Within nearly all artists, there are really SEVERAL artists, each trying to dominate the others. Sometimes, one manages to emerge victorious to the decimation of the rest, and in other cases, the triumph is only temporary. Sometimes the conflict between these artists can get really nasty, while in other cases, there is a kind of peaceful coexistence reminiscent of the "Cold War." An example would be a Realist painter who can't help dabbling from time to time in Impressionism. That's me. Or perhaps a painter might secretly, behind closed doors, late at night when no one is watching, harbor delusions of grandeur in becoming a great photographer. I also know a photographer who's fighting a losing battle to become an oil painter.
However, one of the problems artists encounter as they become "known" is that in most cases only ONE of the artists within them is recognized by the public, which likes to pigeonhole artists as to style and medium. And with success, that style and medium quickly becomes "set in stone." An example of this is Edward Hopper. We are all familiar with his oil paintings of lonely urban street corners, tourists baking in the sun, and nude female figures amidst the tired, empty confines of motel rooms. Even his sun-drenched landscapes with their pristine, Victorian houses have something of a "dreary" quality to them. But hiding inside this oil painter was a very adept watercolorist with a much more cheerful disposition. Hopper attributed this difference to the fact that given the transparency of the medium, it was very hard to do a somber watercolor.

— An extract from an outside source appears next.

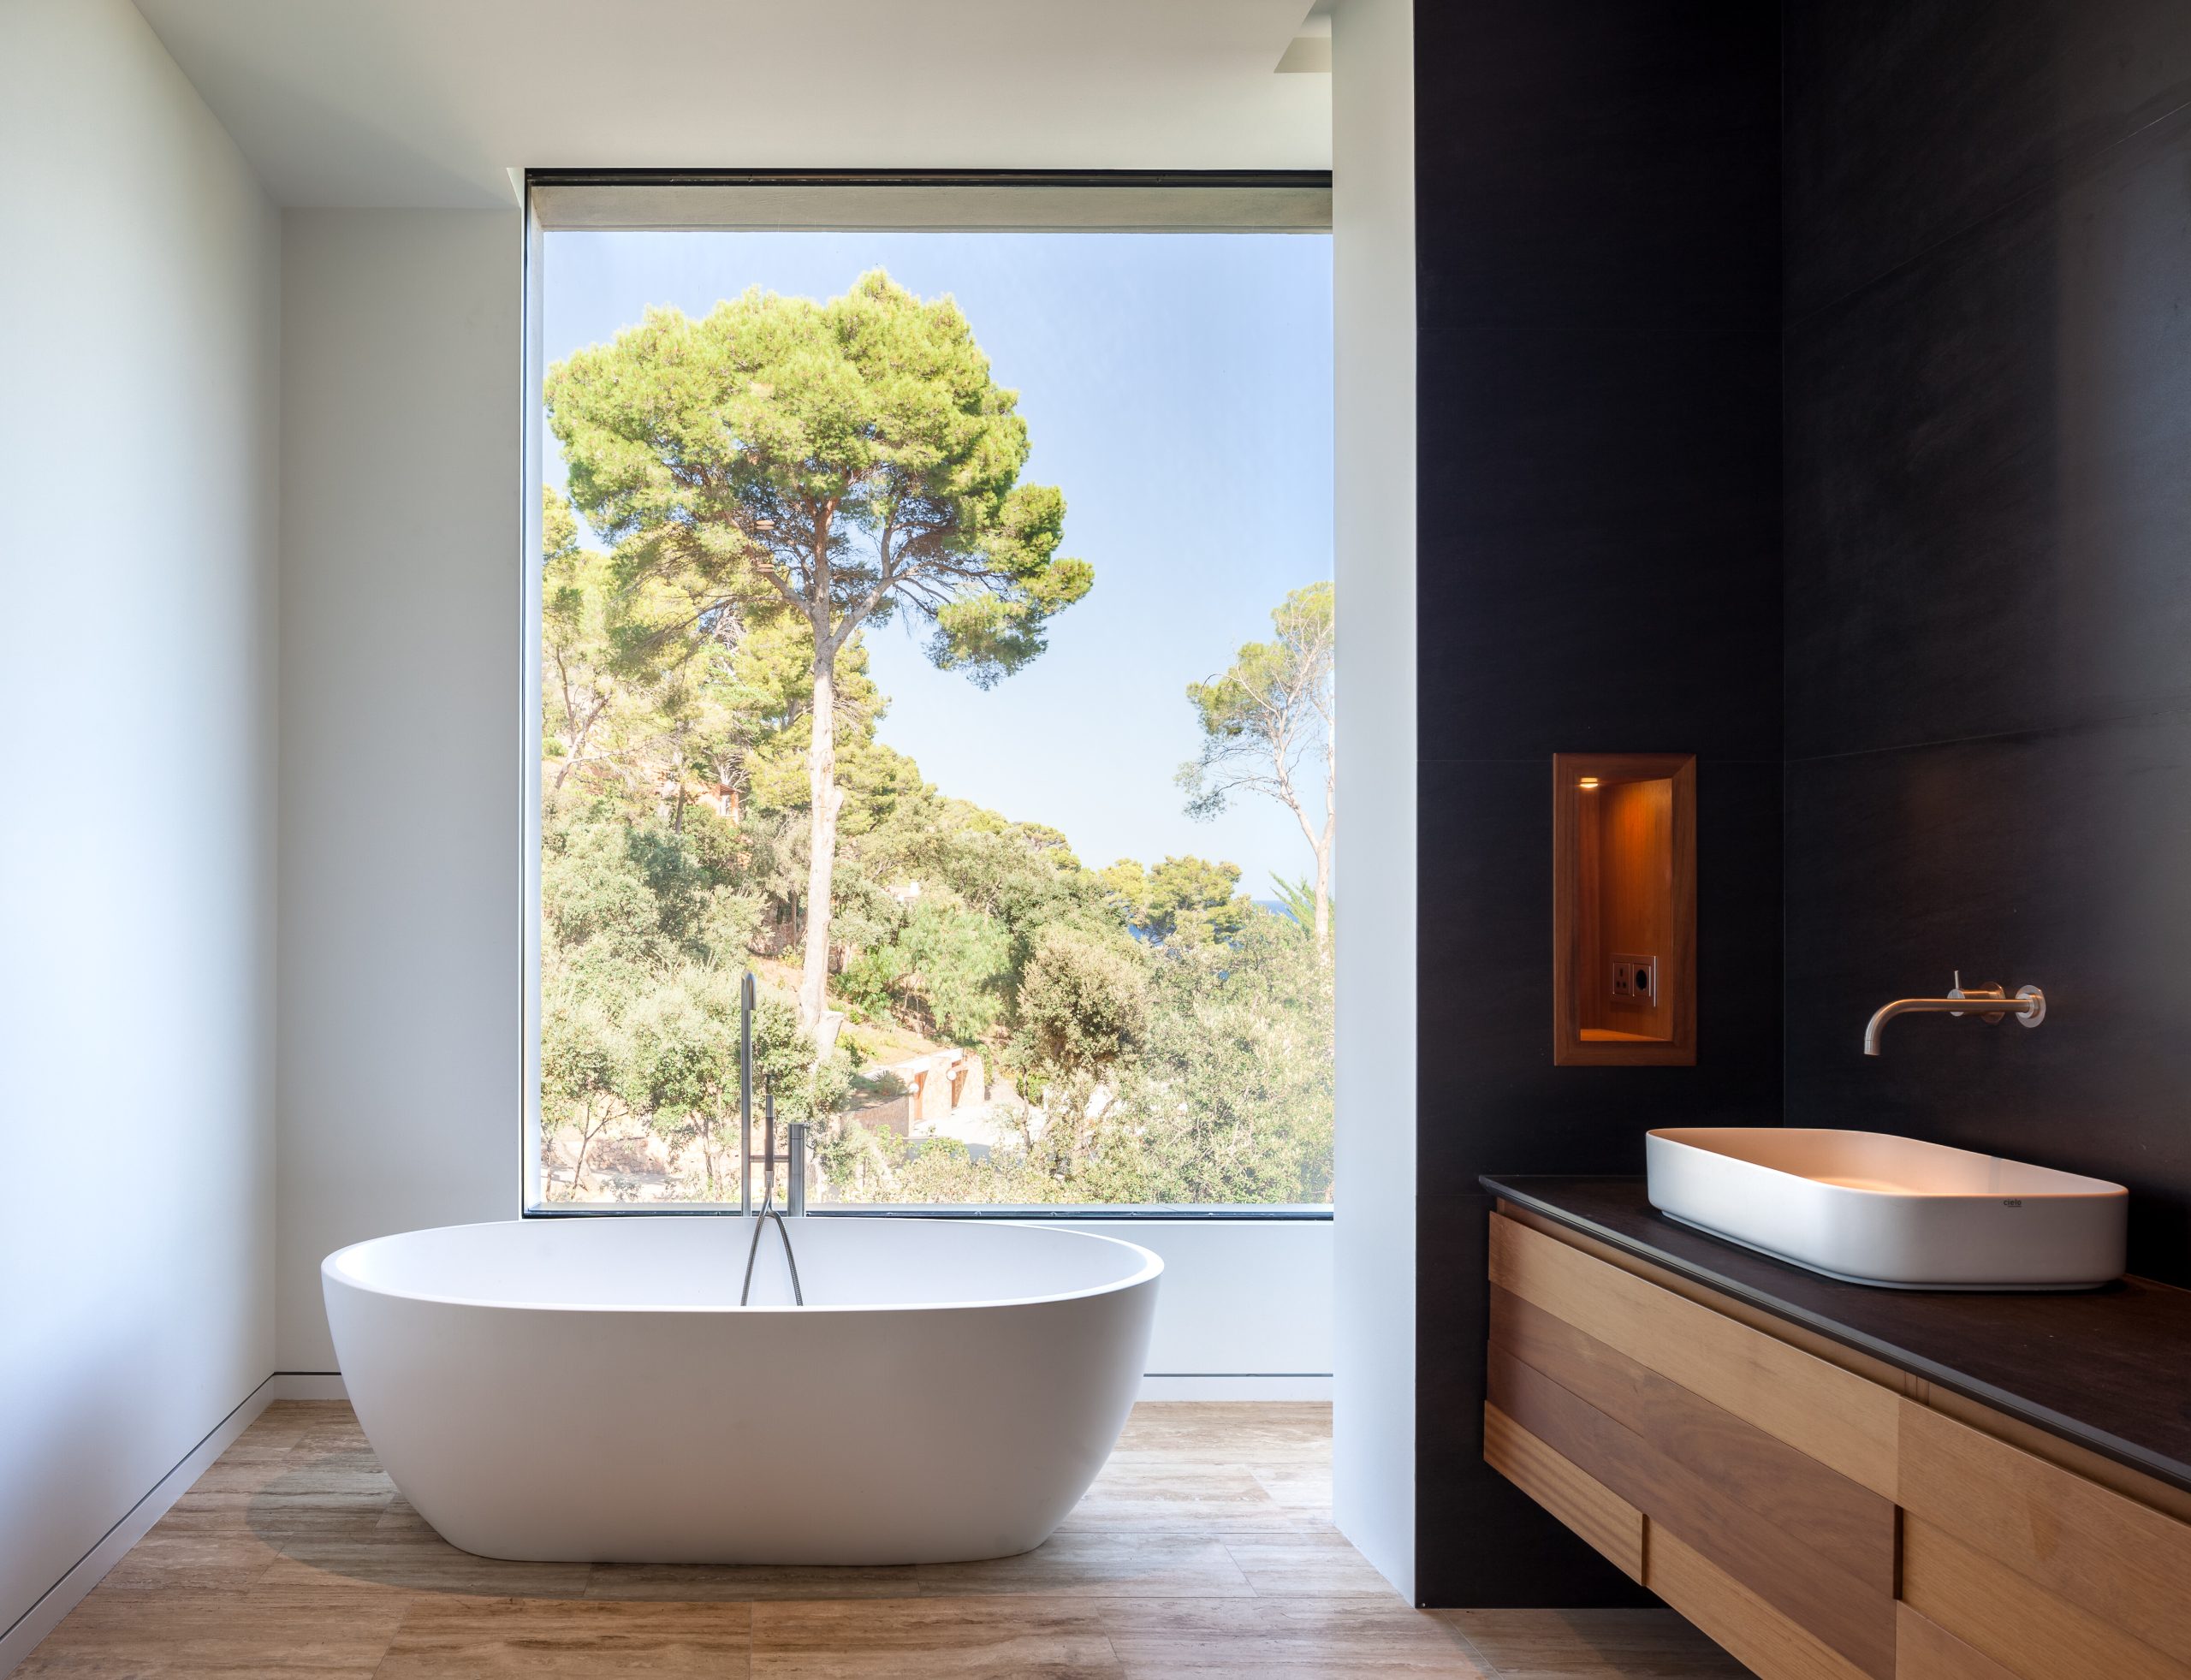 5 Tips for Building Your Dream Home in Spain

Hopper was first introduced to watercolors early in his career even though he was forty-one at the time. The time was the summer of 1923. He was working as an illustrator and starving as a painter. He had sold a grand total of but ONE painting when he met fellow artist, Josephine Nivison, who also introduced him to painting out of doors. The fact that a romance blossomed between them as quickly as his skill in the medium may also have had something to do with the lighter mood of his watercolor painting. While she painted the sea around Gloucester, Mass., he turned his back to the water and painted the beach houses and rustic fishing villages. Later that year, Josephine helped him get some of his watercolors into a Brooklyn Museum of Art show. There he sold his second painting. A later show at a private gallery sold out, eleven watercolors plus six more he dug out of a drawer at home. The next year he married Josephine and continued to paint off and on in watercolor for the next thirty years, yet ironically, it was the studio artist within him, that won out, creating work heavy with atmosphere and opaque paint, becoming the Edward Hopper we've all come to know and admire. An exhibit of his watercolors opens soon at the National Museum of American Art in Washington running through January 3, 2000, whereupon it moves on to Montgomery, Alabama, through March.